FIG. 1 is a compatible high-definition television time, vertical frequency domain signal spectrum, FIG. 2 is an explanatory view of the principle of motion detection according to the present invention, and FIG. 3 is a block diagram of an apparatus according to an embodiment of the present invention. And a signal configuration diagram, FIG. 4 is a block diagram and a signal state diagram showing the configuration of the motion detection circuit in the embodiment of the present invention, FIG. 5 is a characteristic diagram of each signal, FIG. 6 is a schematic diagram of a determination region, FIG. 7 is a block diagram and a separation characteristic diagram showing the configuration of the separation circuit. 1 …… 262H delay circuit, 2 …… 1H delay circuit, 3 …… 261H delay circuit, 4 …… Motion detection circuit, 5 …… Separation circuit, 6,9,1
1,13 …… Spatio-temporal filter, 7,10,12,14 …… Threshold circuit, 8
...... Motion identification circuit, 15 ...... Motion judgment circuit, 16 ...... Frame separation circuit, 17 ...... Field separation circuit, 18 ...... Line separation circuit, 19, 21 ...... Addition circuit, 20, 26 ...... subtraction circuit, 22 ...... C signal selection circuit, 23 ...... horizontal bandpass filter, 24 ...... selection circuit, 25 ...... Y _H 'selection circuit.

Claims (2)

[Claims] 1. A composite color television signal as an input,
A delay unit including a plurality of delay circuits, a motion detection unit that receives the composite color television signal and a plurality of delay signals output from the delay unit, detects a motion, and outputs a separation parameter, and the composite color A television signal, a plurality of delay signals output from the delay unit and the separation parameter as an input, and a separation unit that adaptively changes the separation characteristics according to the separation parameter, the motion detection unit, A first spatio-temporal filter which is a stop band where the time frequency in the vertical and two-dimensional frequency domain f = 0 Hz and the point on f = ± 15 Hz are zero, and the composite color television signal includes a color signal In the horizontal frequency band in which the components are superimposed, the time, the vertical two-dimensional frequency domain time frequency and vertical frequency Of the two spatio-temporal filter groups, each of which is a stop band whose zero point is zero and which has different pass bands from each other, and each of the first spatio-temporal filter and the second spatio-temporal filter group.
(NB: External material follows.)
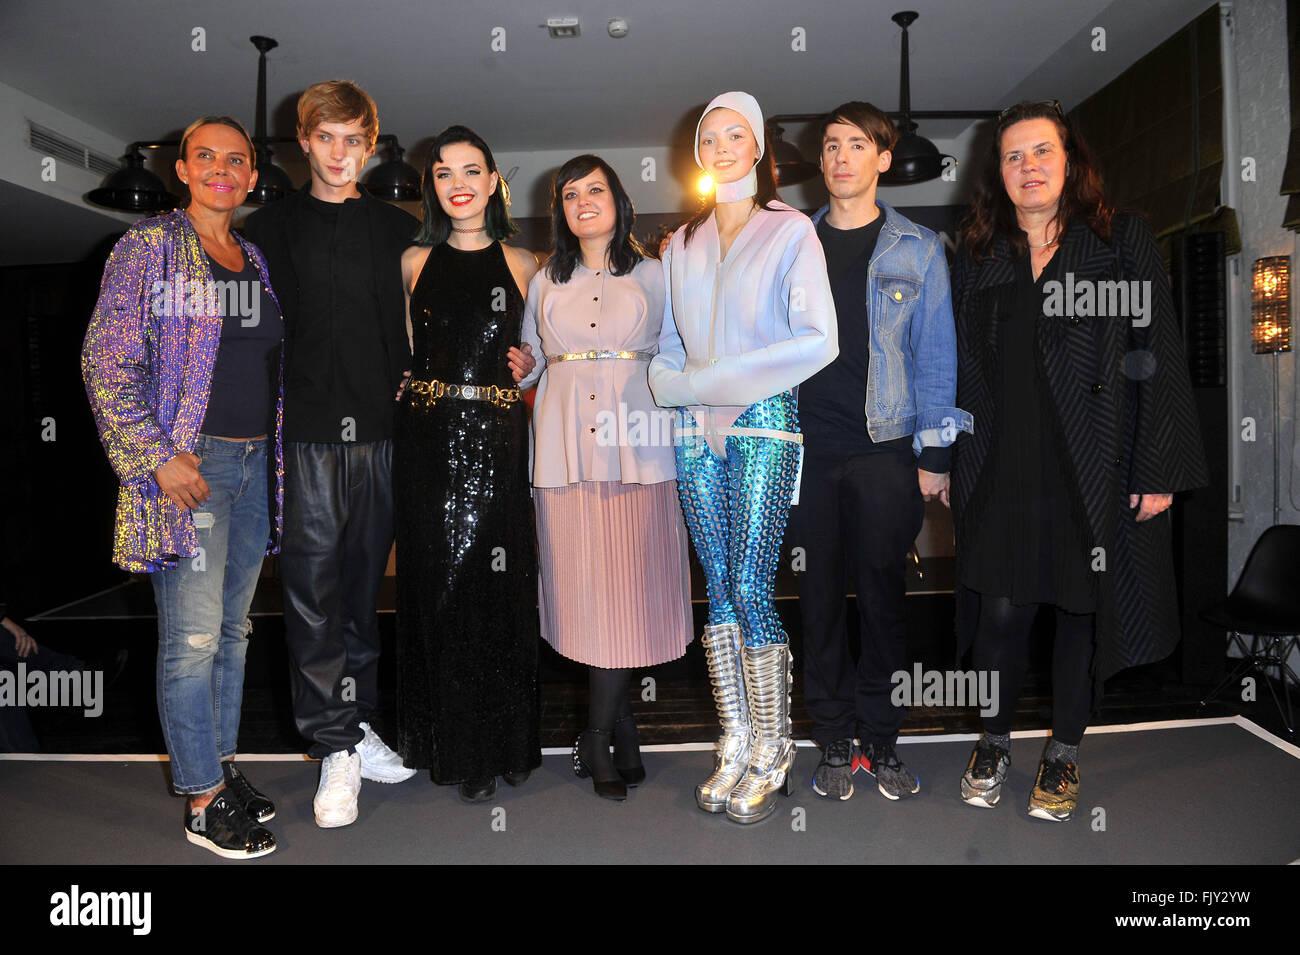 Zoolander No. 2 Fashion Award at Soho House  Featuring: Natascha Ochsenknecht, Paul Boche, Bonnie Strange, Vreni - Stock Image

A motion adaptive luminance / color signal separation circuit comprising: a motion determination unit that adaptively changes and outputs a separation parameter according to a combination of output results. 2. The composite color television signal is a color signal in the second and fourth quadrants of the time and vertical two-dimensional frequency domain,
The motion adaptive luminance / color signal separation circuit according to claim 1, characterized in that it has a signal spectrum of a high definition signal in the first and third quadrants.